Ce soir, vous entendrez l’autre Président user de tout un tas de superlatifs pour nous qualifier. Il dira probablement que c’est grâce à la mobilisation exceptionnelle des soignants que nous passons chaque cap. En un sens, c’est vrai, j’ai vu mes collègues se dépasser comme jamais. Pourtant pour beaucoup d’entre nous cela provoquera de l’amertume, voire même de la colère. Car cela s’est fait sur notre dos, notre sueur, nos larmes, notre santé. Il n’y a vraiment pas de quoi en être fier.
D’autant plus si ce n’est pas pour en tirer des leçons et finir par voter ces deux milliards d’euros d’économies supplémentaires à réaliser en 2021.
Alors pourquoi on accepte ? Le problème c’est qu’on n’accepte plus vraiment. Certaines d’entre nous, lassées de batailler dans le vide, finissent aussi par dire : « On se lève et on se casse. » En ce moment trouver des infirmières expérimentées, c’est comme chercher des FFP2 en mars. Il n’y en a pas. Qui pourrait les en blâmer ? Un système qui ne tient que par la culpabilité n’est pas viable éternellement.
Elle est là la réalité de nos hôpitaux.
Ce que je n’oublierai pas, c’est qu’en Seine-Saint-Denis, on y est mort plus qu’ailleurs et dans l’indifférence la plus totale. Justement parce qu’on y concentre les premiers de corvée, fragilisés par des maladies, des conditions de vie et un accès aux soins médiocres. Ces personnes qu’on a continué d’exposer au nom de la sauvegarde d’une économie dont nous ne sommes même pas les bénéficiaires.
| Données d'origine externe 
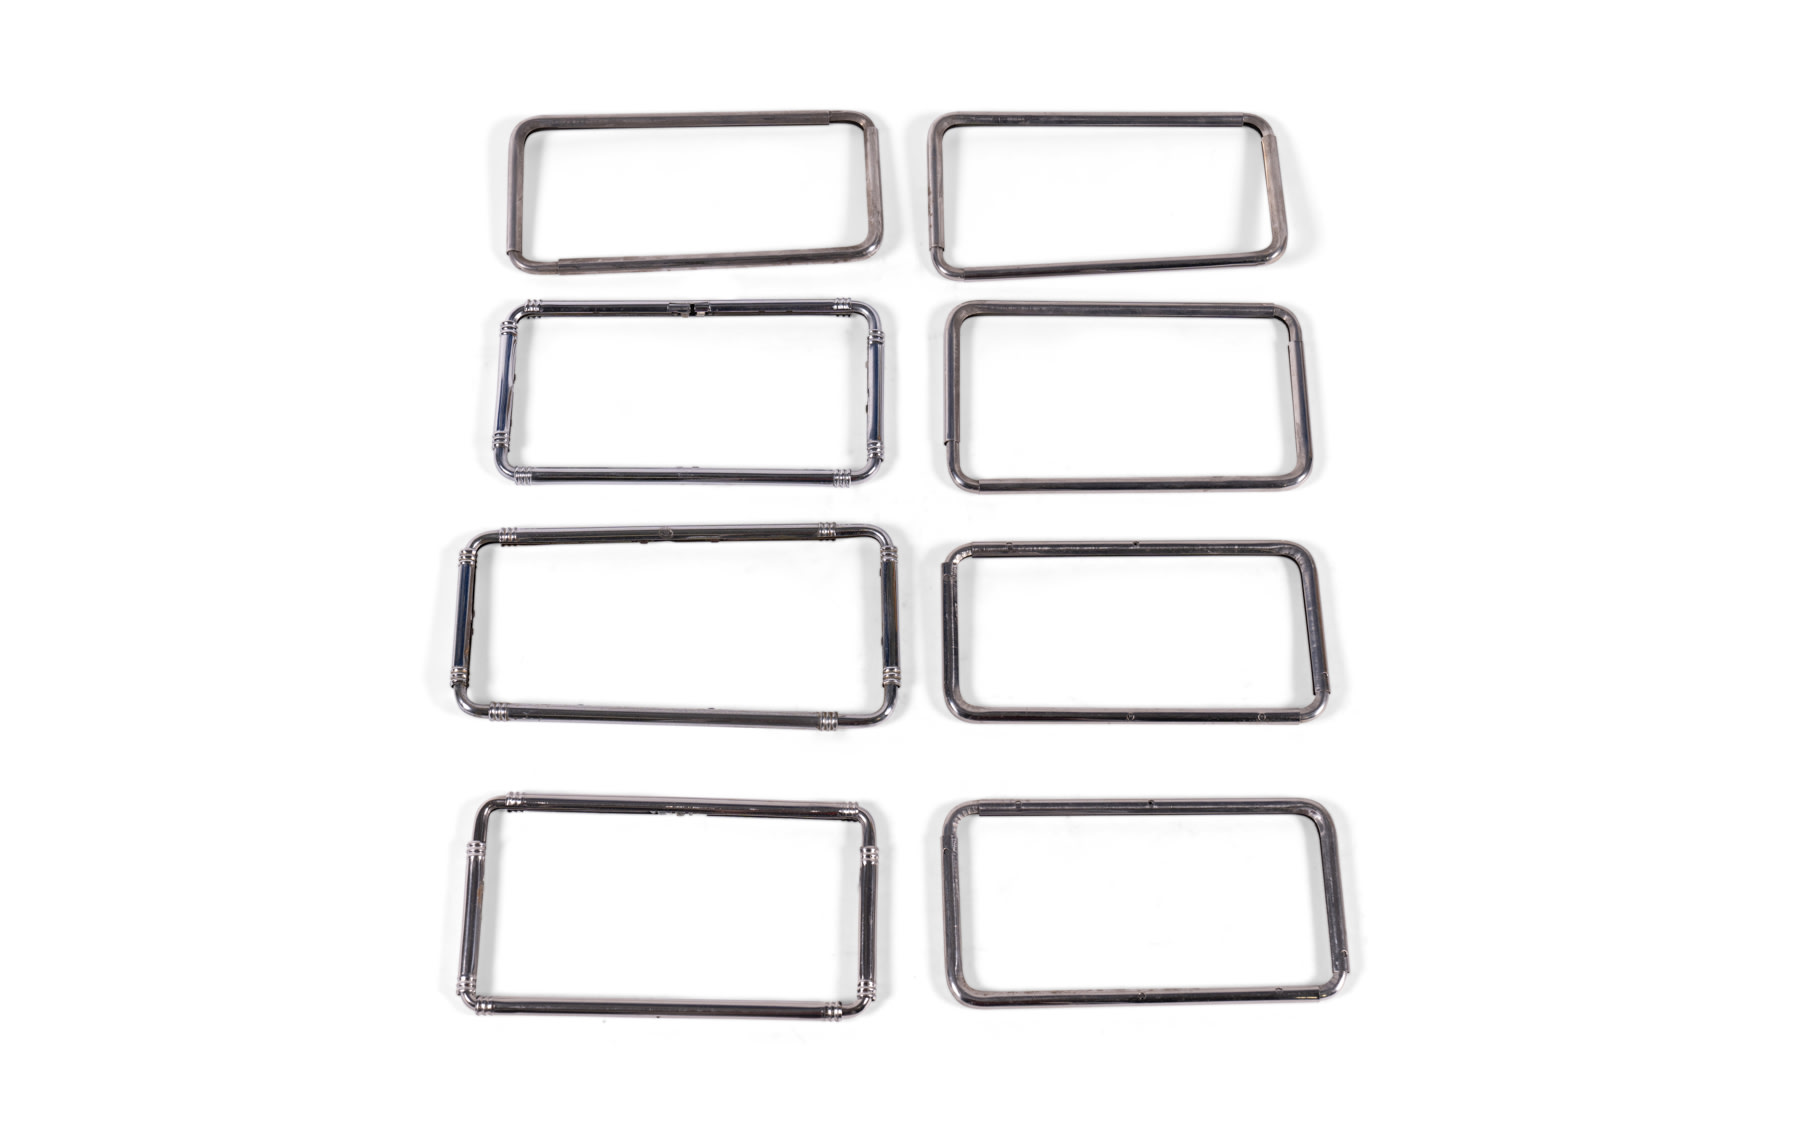 Assorted Adjustable License Plate Frames, c. 1940s and 1950s

Je n’oublierai pas non plus que votre première réaction fut de trouver des moyens d’exprimer votre solidarité. Mais, tout comme notre mouvement pour défendre l’hôpital, je suis désolée d’avoir à vous le dire, cela n’a pas suffi. D’ailleurs, une petite accalmie, elle, a suffi pour que l’autre Président, comme tant d’autres avant lui, nous reparle d’organisation et non de manque de moyens.
Si cette année s’achève avec une perspective de vaccin contre le Covid, où est celui contre les autres maux de nos sociétés qui nous rongent ? Le racisme, les violences policières, la chasse aux réfugiés, la pauvreté, les dérives autoritaires ? Le Covid ne doit pas être un prétexte à la restriction des libertés ou au reniement des promesses d’égalité. Au même titre que les autres enjeux climatiques, économiques ou sociétaux, la question de l’hôpital n’est pas indépendante de celle du monde dans lequel nous souhaitons vivre.
Nous sortons de cette année lassés et changés. Nous avons dû apprendre à vivre avec nos peurs et nos doutes. Mais cette année nous a aussi montré que, face au danger, la solidarité est vitale. Que face à l’injustice et aux mensonges, nous ne pouvons pas nous permettre de nous taire.
Je devais ici vous délivrer un message d’espoir mais je me garderai bien de tout pronostic pour l’année 2021, car c’est à nous de l’écrire. Si elle laisse entrevoir des aspects de plus en plus sombres, elle porte aussi en elle la nécessaire promesse d’un autre monde.
Alors, je nous souhaite de vivre ces moments où l’on relève la tête et où l’on peut sentir la force de l’énergie collective. Ce soir, mes collègues s’occupent des moins chanceux d’entre nous. Je nous souhaite de réussir à nous protéger les uns les autres, parce que nos vies en valent la peine. Surtout, je nous souhaite de connaître joie, rire, amour et santé.
Très belle année 2021 à vous. Courage et force à nous.